■ RAW DATA

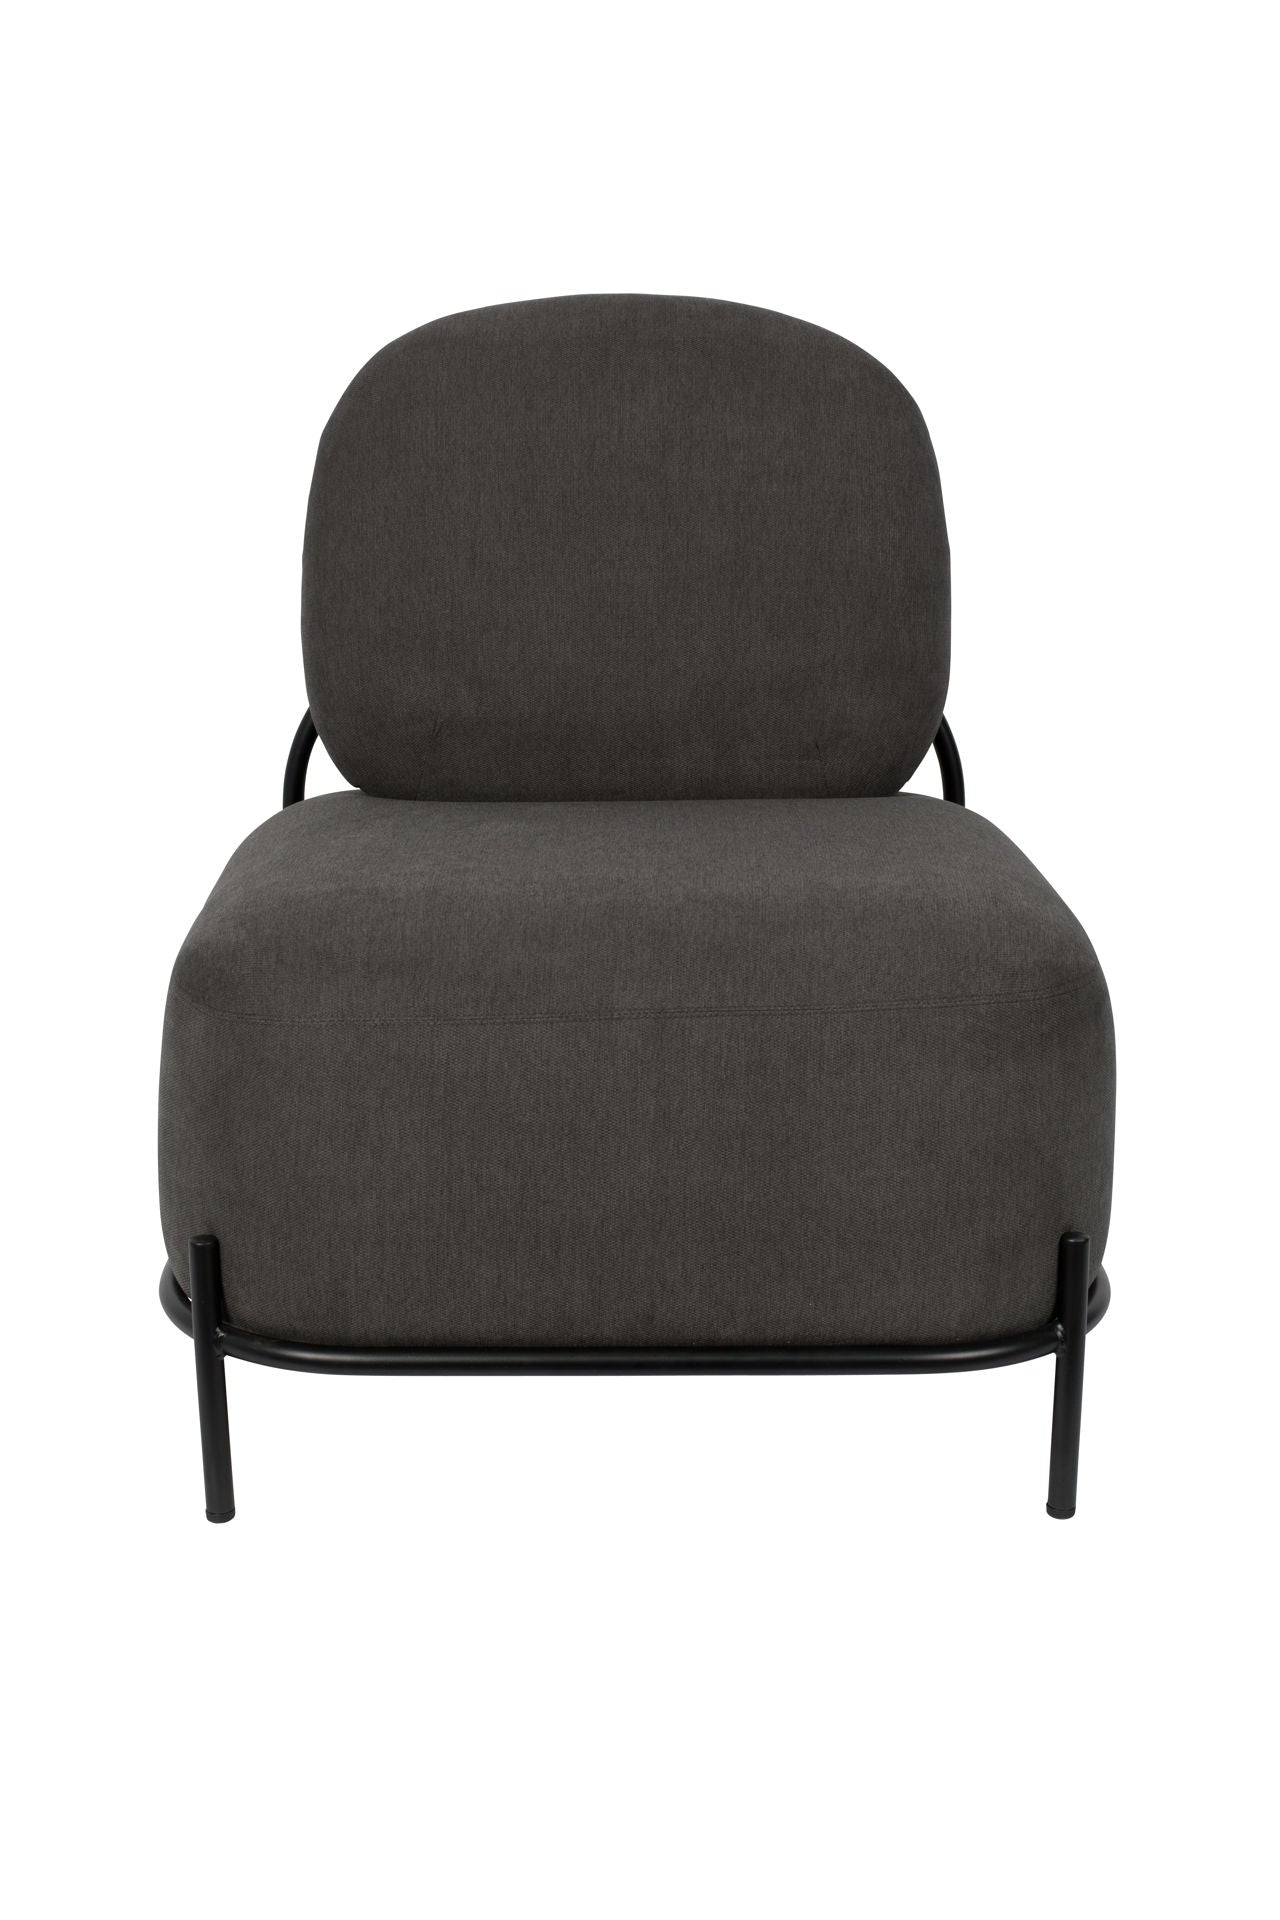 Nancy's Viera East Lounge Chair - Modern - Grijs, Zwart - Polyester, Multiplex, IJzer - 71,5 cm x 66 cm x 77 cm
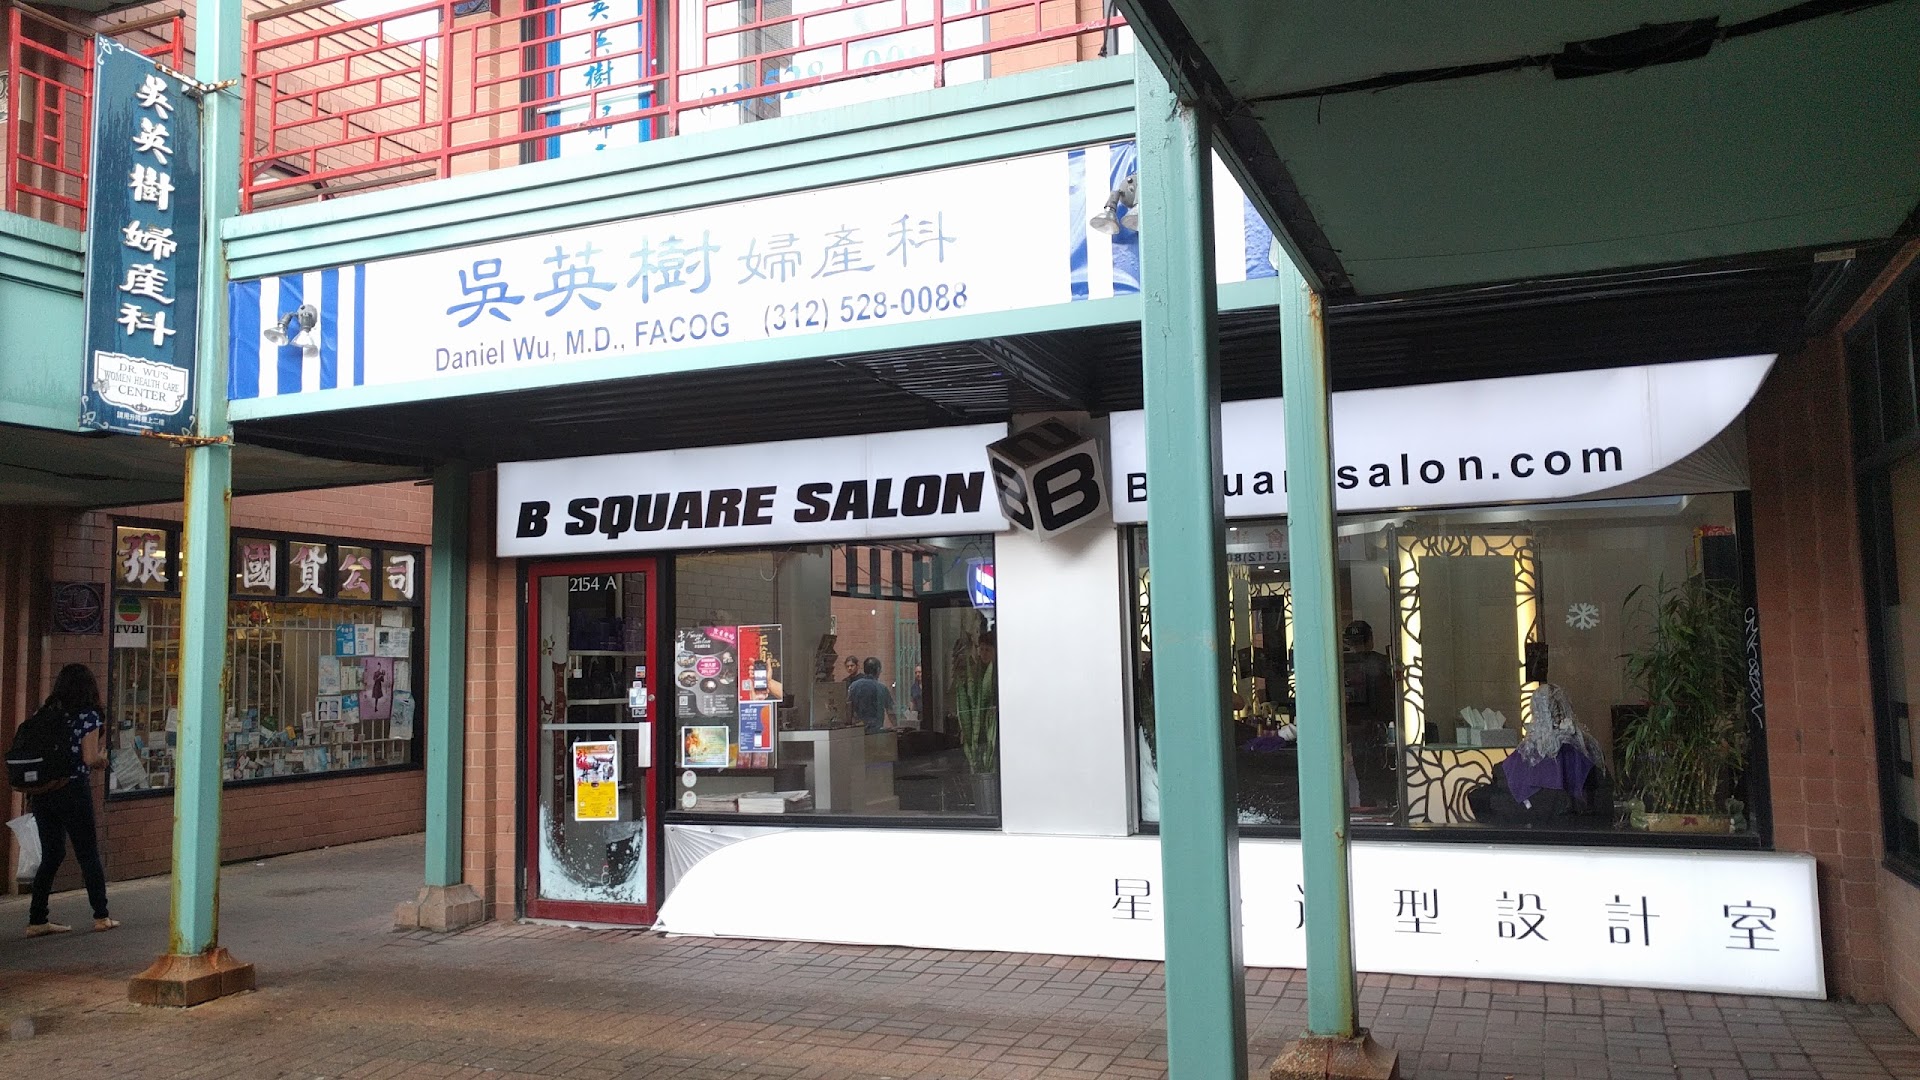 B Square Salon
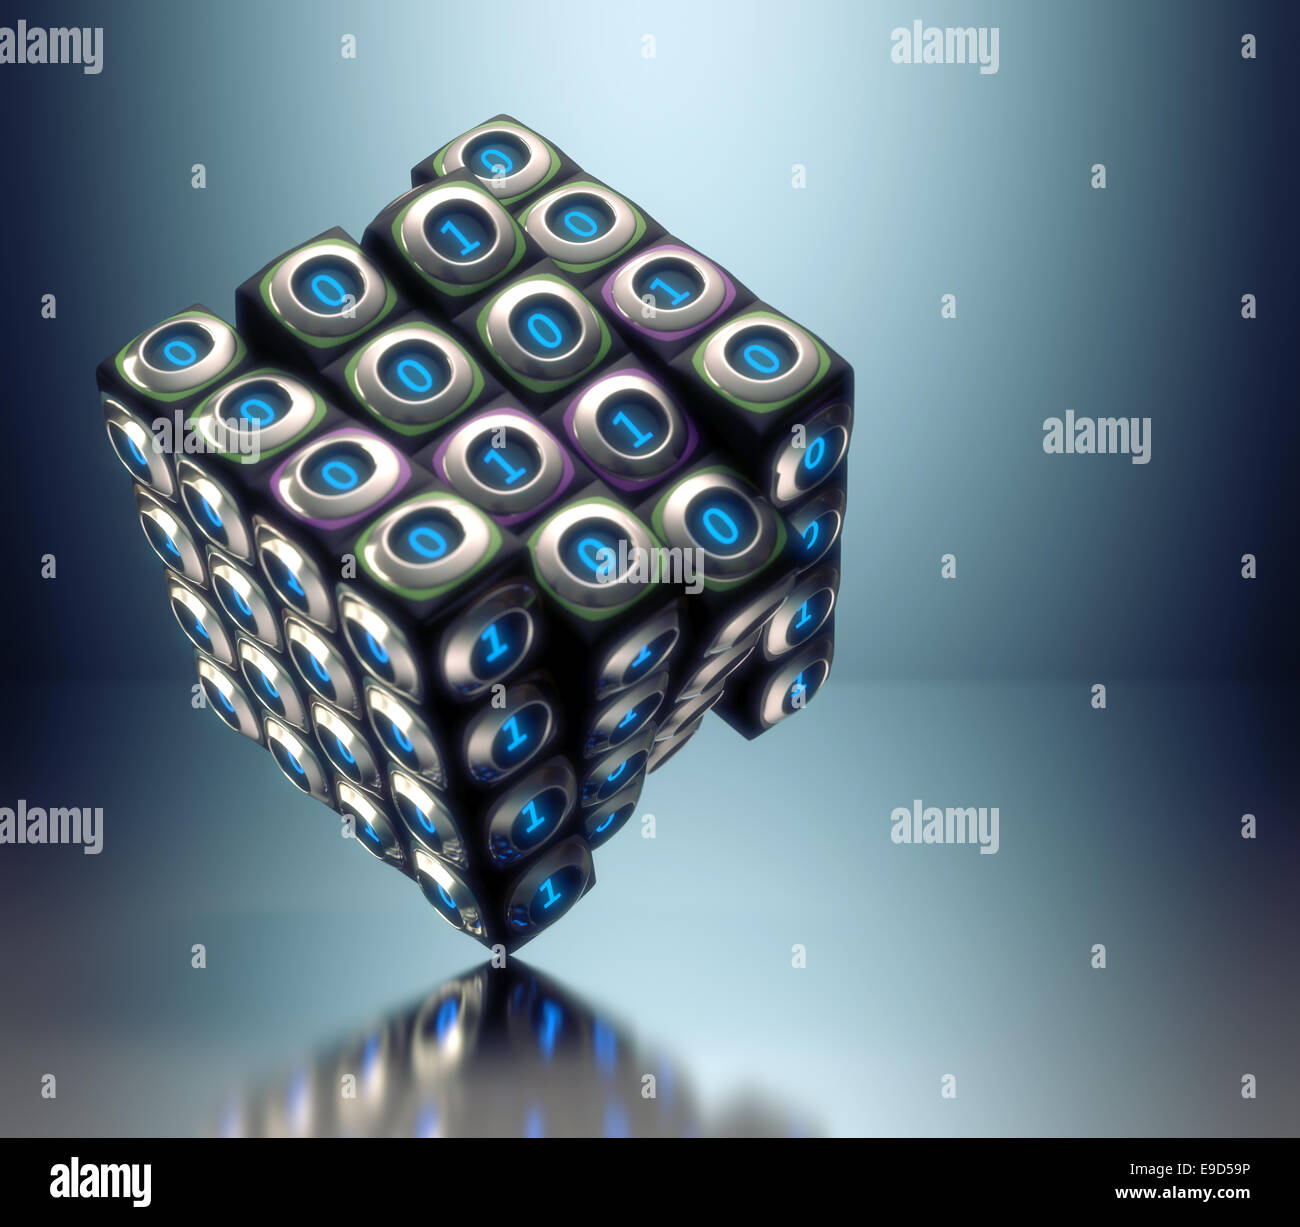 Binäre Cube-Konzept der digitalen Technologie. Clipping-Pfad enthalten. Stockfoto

■ THE TASK
Your answer must be the full listing, word for word, minus any images.

■ ANSWER TO THE EXERCISE
 Nancy's Viera East Lounge Chair - Modern - Grijs, Zwart - Polyester, Multiplex, IJzer - 71,5 cm x 66 cm x 77 cm
 B Square Salon
 Binäre Cube-Konzept der digitalen Technologie. Clipping-Pfad enthalten. Stockfoto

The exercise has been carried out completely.